On the Weylins’ property, Dana encounters Jake, the new overseer. She also sees Carrie, who is heavily pregnant with Nigel’s child. Nigel takes Dana and Weylin on a cart to find Rufus. Weylin is impatient with his son. He asks Dana who and what she is but does not press her for answers. When she asks about Kevin, he says, not unkindly, that Kevin is a “damn fool.” About a year after leaving for the North, Kevin stopped by the plantation looking for Dana. Weylin says Dana can stay as long as she works. He remarks that she seems made to take care of Rufus.

Analysis: The Fight, Parts 1–5

In many ways, Kevin is a progressive man. In the 1970s, when casual racism was still common in the United States, he saw racial equality as mandatory and was shocked and surprised by the prejudiced beliefs of other people. He married a Black woman over the objections of his racist sister and brother-in-law, and of his future wife’s uncle. Yet Kevin is far from perfect. In fact, he has distinctly domineering tendencies. His insistence that Dana type up his stories suggests that he sees her as a secretarial figure, rather than as his equal. Life in antebellum Maryland gradually coarsens Kevin, bringing out his worst qualities. Because he is a white man, he is not exposed to the kind of horrors that Dana, a Black woman, must confront. And because he can be self-involved and insensitive, Kevin doesn’t make it his business to understand these horrors. Kevin’s experiences in the South suggest that only the most extraordinary members of any ruling class can fully empathize with oppressed members of society. Kevin is not extraordinary, and his garden-variety progressive beliefs are not enough to help him understand slavery or fully sympathize with those forced to endure it.

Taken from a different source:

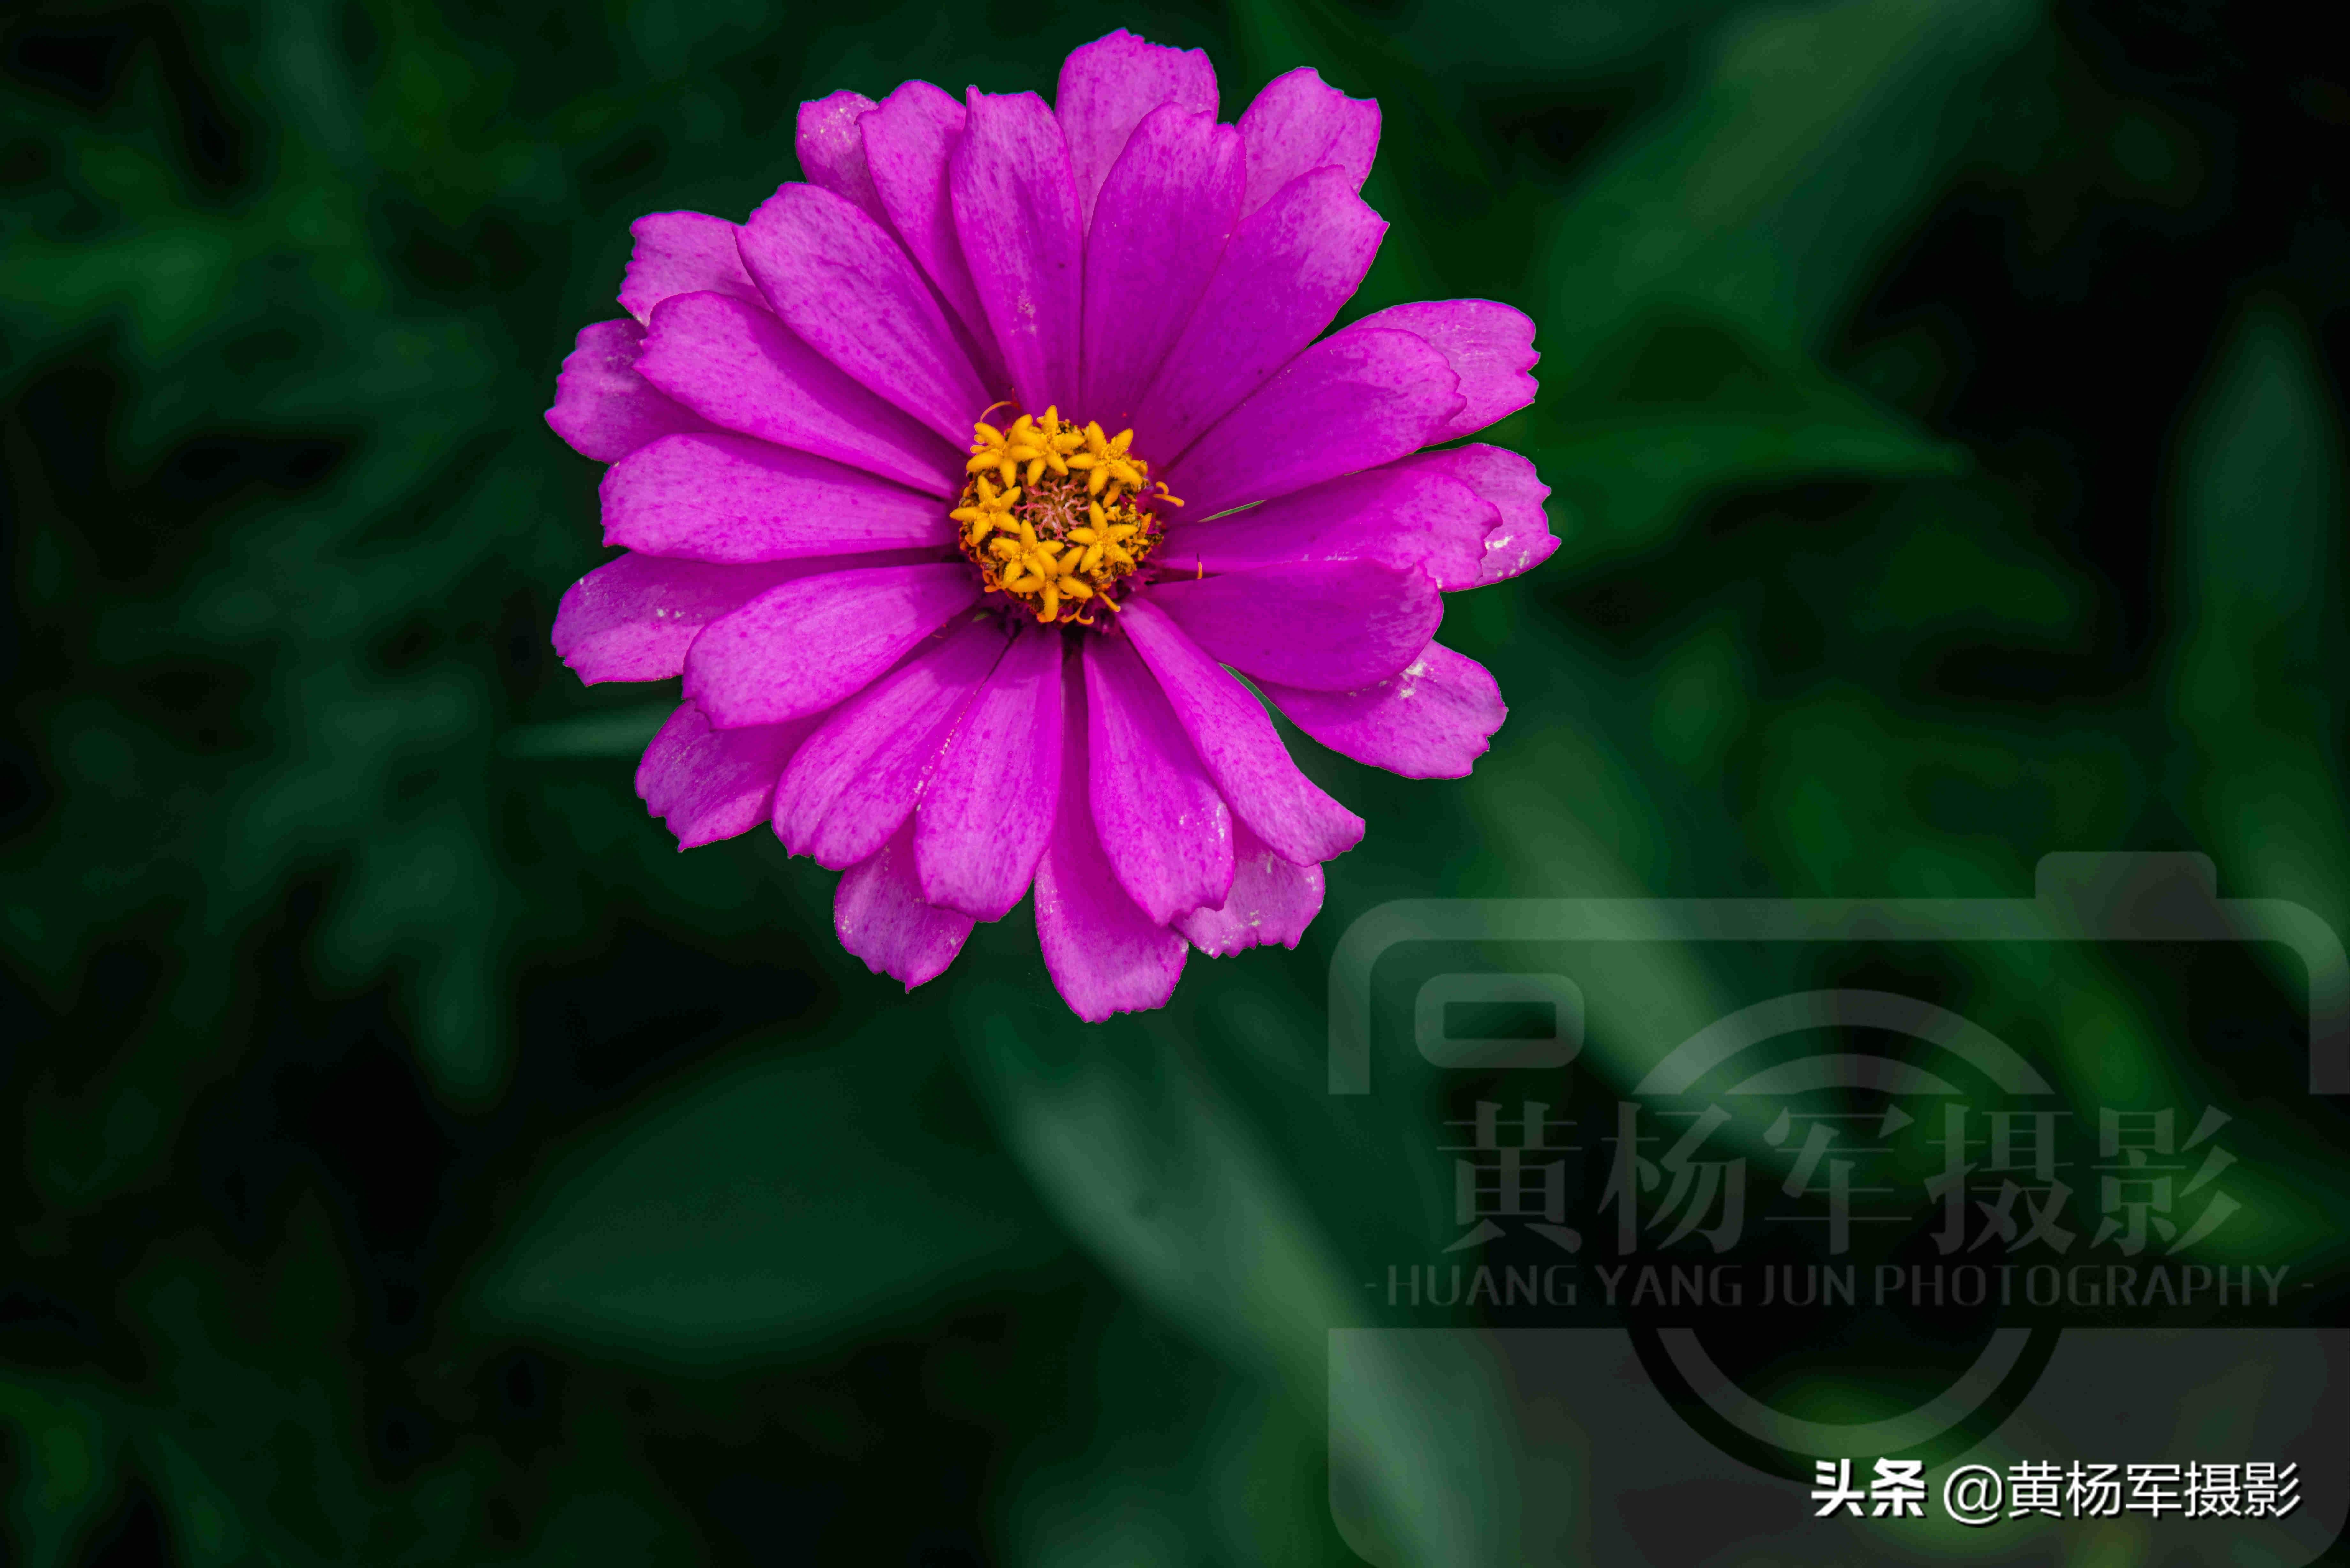 盛开的菊花像什么-盛开的菊花的描写

Read more about Kevin and how he is an imperfect man.

Butler suggests that in the days of slavery, education was a perilous endeavor for African-American women for a number of reasons. By the standards of 1970s America, Dana is an educated, intellectual young woman. By the standards of antebellum Maryland, she is suspiciously, almost freakishly, accomplished. Her sophistication startles everyone— whites, slaves, and free Black people alike. Whites at the Weylin household are uncomfortable with Dana. They feel threatened by her self-possession and by her literacy, which in most cases exceeds their own. But Dana also encounters resentment from other African-Americans at the Weylin household. They suspect that Dana is putting on airs, that she considers herself superior to them, or that, most damningly, she longs to escape her own race. Like other characters in the novel, Isaac distrusts Dana because she is, in his opinion, “too white.” Butler suggests that educated African-Americans in the 1800s had to weather not only the resentment of whites but also the resentment of people who believed that to desire an education was to turn one’s back on one’s people.

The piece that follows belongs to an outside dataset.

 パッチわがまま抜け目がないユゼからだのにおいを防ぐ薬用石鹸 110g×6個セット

Read more about the motif of race.

Butler uses Dana’s increasing discomfort in her modern life to show how paralyzing slavery is, even for someone who has been raised in more enlightened times, who understands that slavery is an abomination, and who knows that the institution will be abolished someday. In part 2 of “The Fight,” when Dana returns to 1976 California without Kevin, she finds it impossible to inhabit fully her old life. During the eight days she spends in California, her behavior suggests that she is waiting to return to the South, rather than enjoying or at least taking part in the pleasures and freedoms of life in the 1970s. She takes care of her most basic bodily needs, managing to eat, shower, and sleep, but she does not return to her writing, continue to unpack, or do anything else that demonstrates true involvement with the world around her. In part, Dana’s shell-shocked behavior may stem from her separation from Kevin and her inability to feel at home when he is not with her. But in large part, Dana’s discomfort in California comes from a shift in her identity. She has grown used to living in the world of outhouses, cookhouses, whippings, and cruelty. To survive, she has conditioned herself to accept being treated as property. When she returns to modern California, she has a hard time slipping back into her independent-minded, twentieth-century self.